Idea Cellular too gave a similar reason for the sharp drop in earnings. “The Indian mobile industry witnessed an unprecedented disruption in the quarter of October to December 2016, primarily due to free voice and mobile data promotions by the new entrant in the sector,” the company statement said.

Reliance Communications attributed the loss to three factors. “The industry witnessed unprecedented competitive intensity. This was the first full quarter after company’s complete shutdown of its profitable CDMA operations. And there was an increase in amortisation and interest expense aggregating Rs 278 crore on account of capitalisation of 850 MHz spectrum liberalisation fee,” it said in a statement.

Reliance Communications is owned by industrialist Anil Ambani and Reliance Jio’s owner is his elder brother Mukesh Ambani.

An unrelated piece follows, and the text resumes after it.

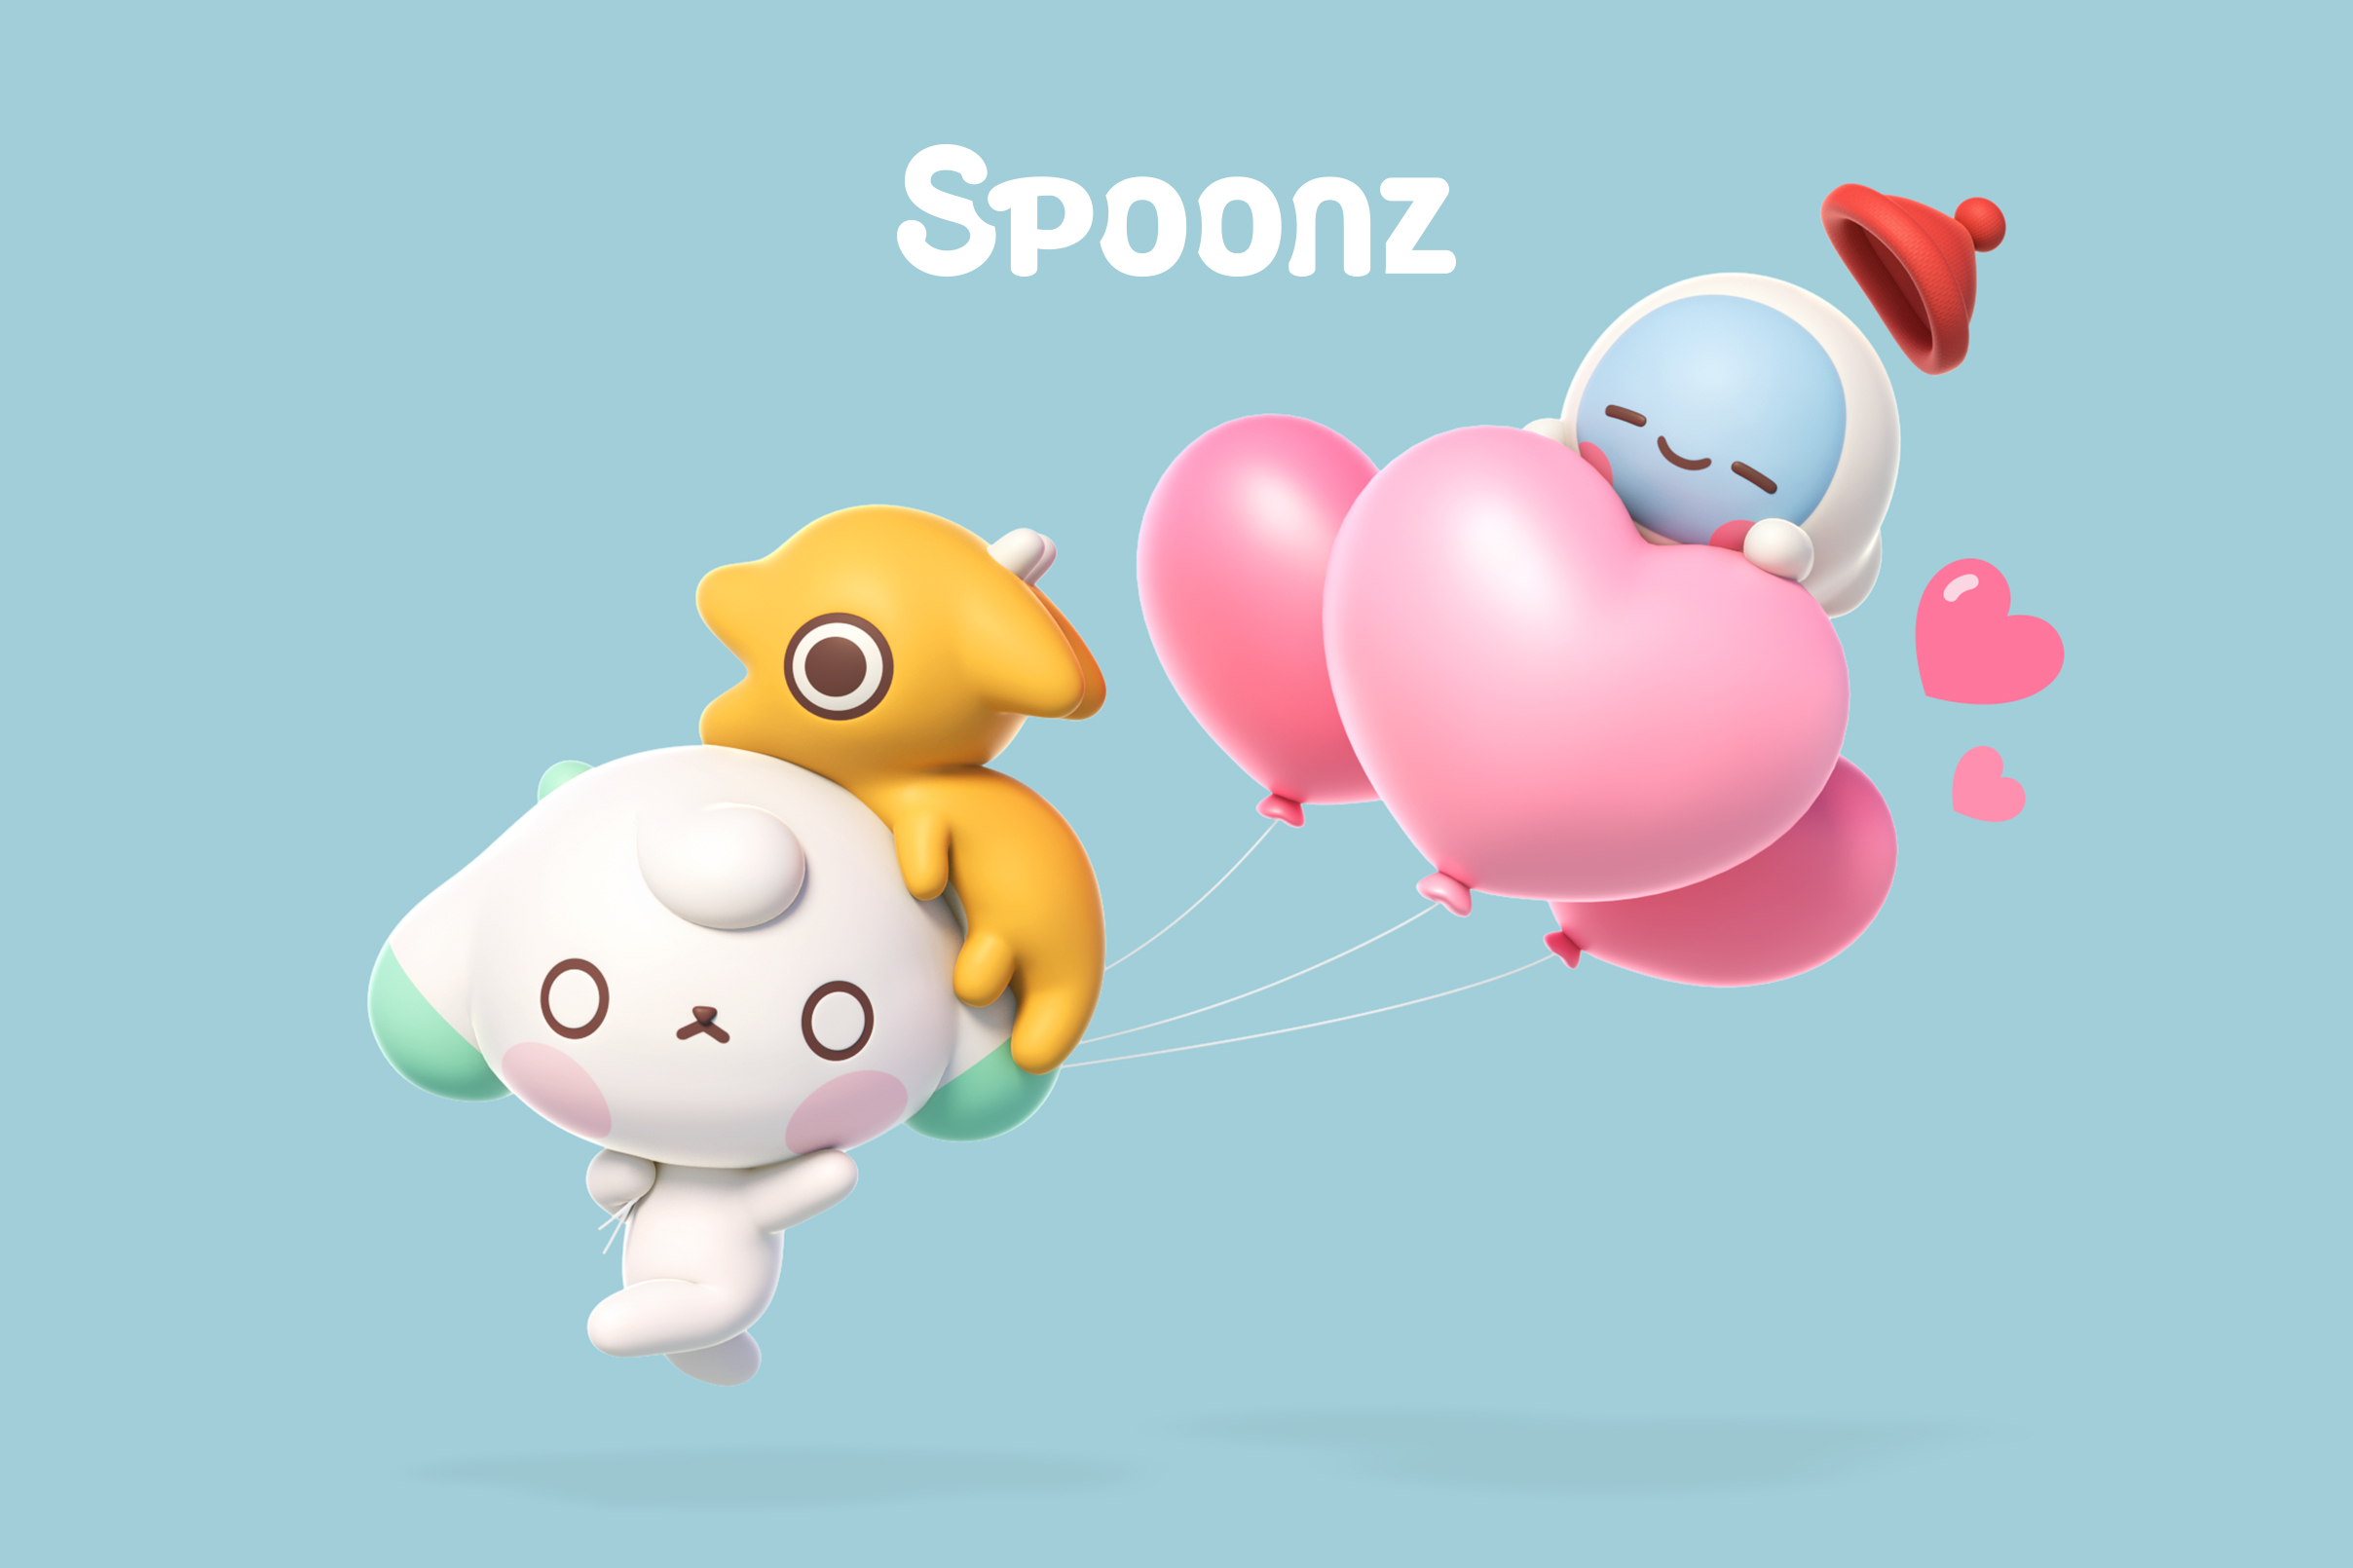 spoonz image

Mahesh Uppal, director, Com First, a telecom consultancy firm, also said there is no doubt that the revenue drop in the third quarter was a direct consequence of Reliance Jio’s aggressive free data offers.

“Incumbent companies, like Airtel and Idea, are being forced to match the prices to remain competitive. The cut-throat pricing is likely to continue since Reliance Jio would want to use it to acquire a decent market share,” Uppal said.

“India is a very price sensitive market; any such offering tends to be disruptive. Incumbent operators need to implement strategies to retain their high-value customers,” said Rishi Tejpal, principal research Analyst for Telecom Business Strategy at Gartner.

“Operators need to implement data-oriented pricing strategies. Jio’s free voice service with free national roaming is a compelling offering and incumbents need to match their offerings to remain competitive,” he added.